Empero, el ágora no se perdió. Hay un sitio donde podemos ser cada uno, y ser muchos, y ser uno todos juntos. Y pensar en el otro por un momento. Y sentirnos como en casa, codo a codo, muy apretados.

Gracias a Dios volvieron las marchas. Volvió la calle a cobrar sentido. De tanto en tanto, le ganamos el asfalto a los autos y colectivos. Agitamos banderas, cantamos un poco o mucho según la garganta, y volvemos a casa repletos de esperanzas (después del orador o no, no es lo más importante). Allí encontrar una cara amiga es una fiesta, a los gritos en los oídos para que el otro nos escuche. Estar juntos y perdernos luego, sin darnos cuenta. En ningún otro lugar se goza tanto estar rodeado de desconocidos como en una marcha. Jamás disfruté los ruidos de ese modo, los bombos y las explosiones, como cuando se mezclan mil cantos y consignas todas juntas. Nunca. Es un sentimiento que vuelve desde el pibe que fuí, allá lejos y hace tiempo.

Parece que algunos recuperamos la memoria y las ganas de recuperar lo que perdimos, lo que nos falta...

Daniel Mancuso

1 comentario:

emiliano dijo...

habría que averiguar bien como es la cosa en Brasil.
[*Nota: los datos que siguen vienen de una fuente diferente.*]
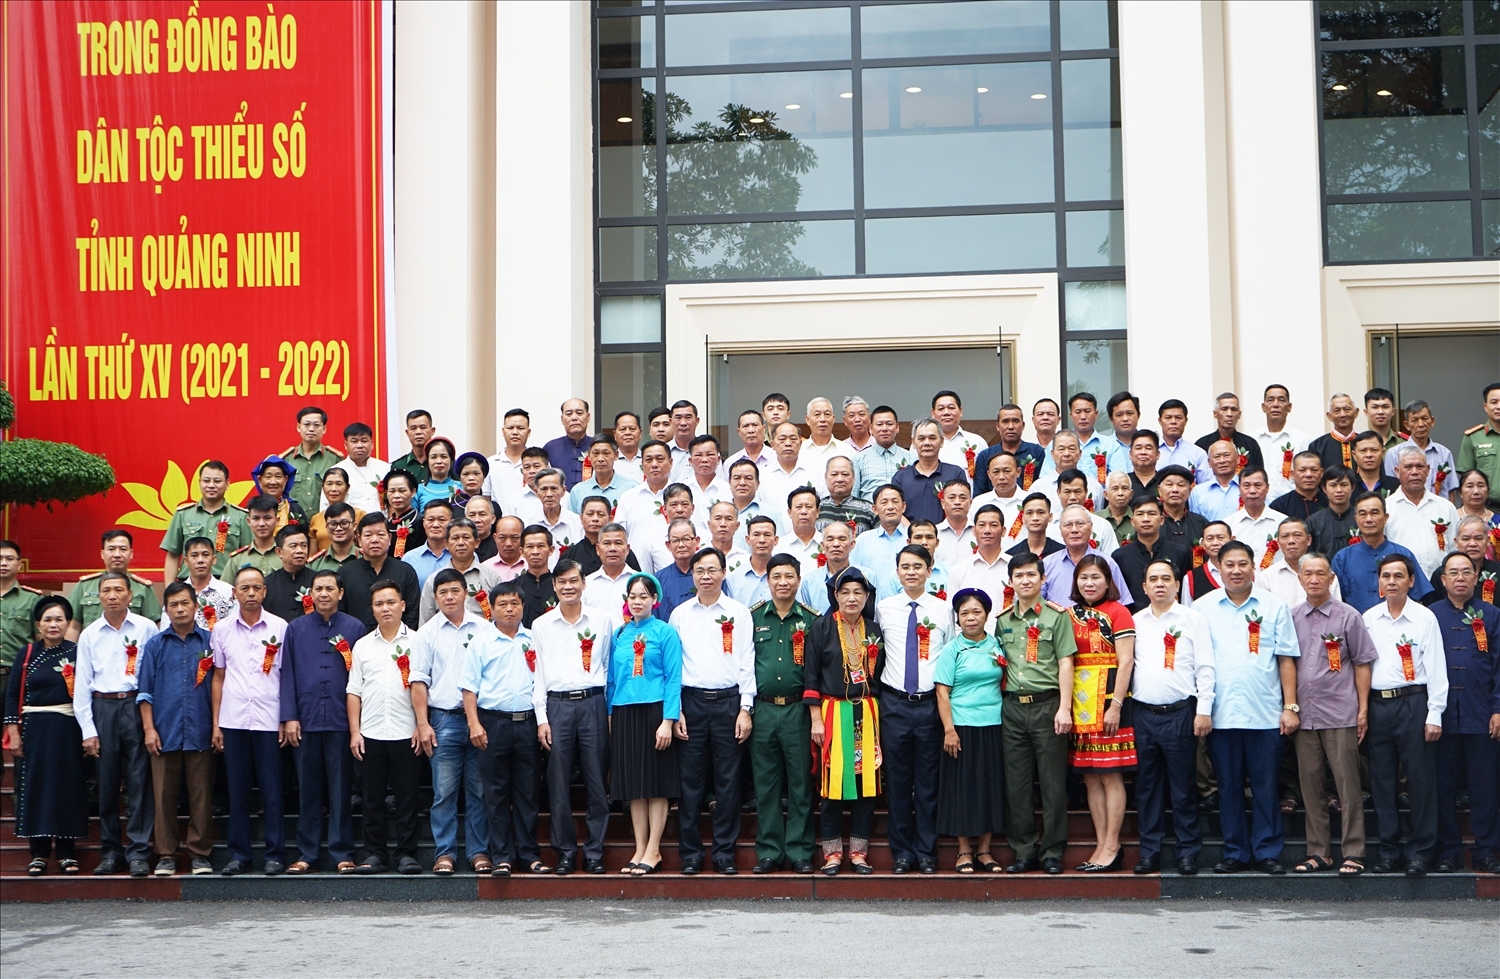 Lãnh đạo Trung ương và tỉnh Quảng Ninh chụp ảnh lưu niệm cùng đại biểu Người có uy tín tại Hội nghị biểu dương Người có uy tín tiêu biểu trong đồng bào DTTS tỉnh Quảng Ninh lần thứ XV (2021 - 2022).

Ellos tienen 10 veces más de asesinatos cada 100.000 habitantes, ¿estarán tan asustados, perseguidos, como nosotros que hemos entrado la silla con el mate de la vereda al comedor? Me intriga eso. Si no, se explica con la manija que le dan acá los medios; pero a su vez en Brasil está el imperio O'Globo que no creo que sea menos amarillista que los de acá. No sé. Alguien conoce bien como se da allá?